Run the second one longer and check it:
```{r}
y.em2 = ridge_em2(y,X,1,1,1000)
plot_loglik(list(y.em1,y.em2,y.em3,y.em4))

y.em1$sb2
y.em2$sb2
y.em3$sb2 * y.em3$l2
y.em4$sb2 * y.em4$s2
y.em5$sb2 * y.em5$l2 * y.em5$s2

y.em1$s2
y.em2$s2
y.em3$s2
y.em4$s2
y.em5$s2
```


## Different initializations

Try starting $s$ in wrong place
```{r}
y.em1 = ridge_em1(y,X,10,1,100)
y.em2 = ridge_em2(y,X,10,1,100)
y.em3 = ridge_em3(y,X,10,1,1,100)
y.em4 = ridge_em4(y,X,10,1,100)
y.em5 = ridge_em5(y,X,10,1,1,100)
plot_loglik(list(y.em1,y.em2,y.em3,y.em4,y.em5))
```


Try starting $s2$ in wrong place
```{r}
y.em1 = ridge_em1(y,X,1,10,100)
y.em2 = ridge_em2(y,X,1,10,100)
y.em3 = ridge_em3(y,X,1,10,10,100)
y.em4 = ridge_em4(y,X,1,10,100)
y.em5 = ridge_em5(y,X,1,10,10,100)
plot_loglik(list(y.em1,y.em2,y.em3,y.em4,y.em5))
```

Try starting both in wrong place. Interestingly in this example em4 seems to converge
to a local optimum?
```{r}
y.em1 = ridge_em1(y,X,.1,10,100)
y.em2 = ridge_em2(y,X,.1,10,100)
y.em3 = ridge_em3(y,X,.1,10,10,100)
y.em4 = ridge_em4(y,X,.1,10,100)
y.em5 = ridge_em5(y,X,.1,10,10,100)
plot_loglik(list(y.em1,y.em2,y.em3,y.em4,y.em5))
y.em4$s2
y.em1$s2
```

### No signal case

Try no signal case -- the convergence issues are reversed!
```{r}
sd = 1
n = 100
p = n
X = matrix(0,nrow=n,ncol=n)
for(i in 1:n){
  X[i:n,i] = 1:(n-i+1)
}
btrue = rep(0,n)

y = X %*% btrue + sd*rnorm(n)

plot(y)
lines(X %*% btrue)

y.em1 = ridge_em1(y,X,1,1,100)
lines(X %*% y.em1$postmean,col=1,lwd=2)

y.em2 = ridge_em2(y,X,1,1,100)
lines(X %*% y.em2$postmean,col=2,lwd=2)

y.em3 = ridge_em3(y,X,1,1,1,100)
lines(X %*% y.em3$postmean,col=3,lwd=2)

y.em4 = ridge_em4(y,X,1,1,100)
lines(X %*% y.em4$postmean,col=4,lwd=2)

y.em5 = ridge_em5(y,X,1,1,1,100)
lines(X %*% y.em5$postmean,col=5,lwd=2)

```

The EM2 and EM3 and EM5 converge faster here:
```{r}
plot_loglik(list(y.em1,y.em2,y.em3,y.em4,y.em5))
```


Try starting the expanded algorithm from very large lambda... it still seems to work.
```{r}
y.em3b = ridge_em3(y,X,1,1,100,100)
y.em5b = ridge_em5(y,X,1,1,100,100)

plot_loglik(list(y.em1,y.em2,y.em3b,y.em4,y.em5b))
```


### Possible next steps

It might be interesting to combine the expanded idea with algorithm em4.
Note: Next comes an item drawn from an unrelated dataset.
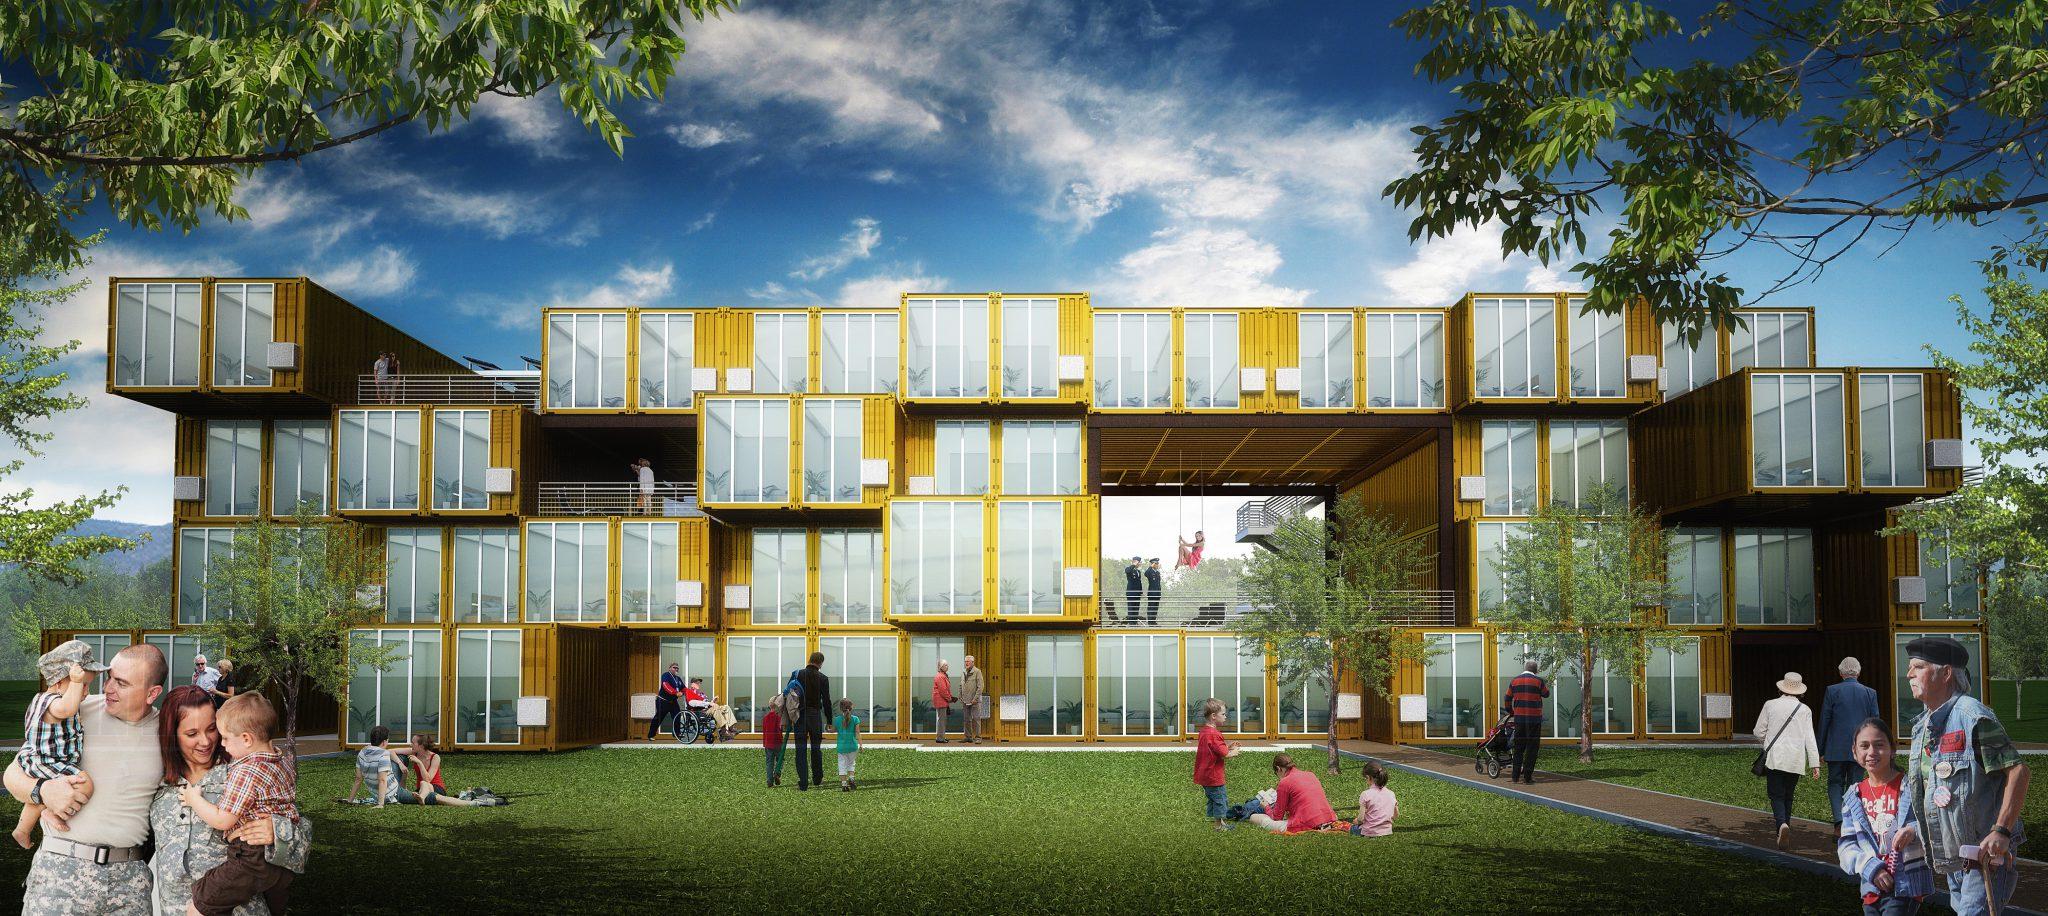 LiCCo PREFAB Housing

It might also be interesting to add another redundant parameter multiplying the residual variance in the second redundant parameterization, so that some of the residual variance
is tied to the prior variance and some is not.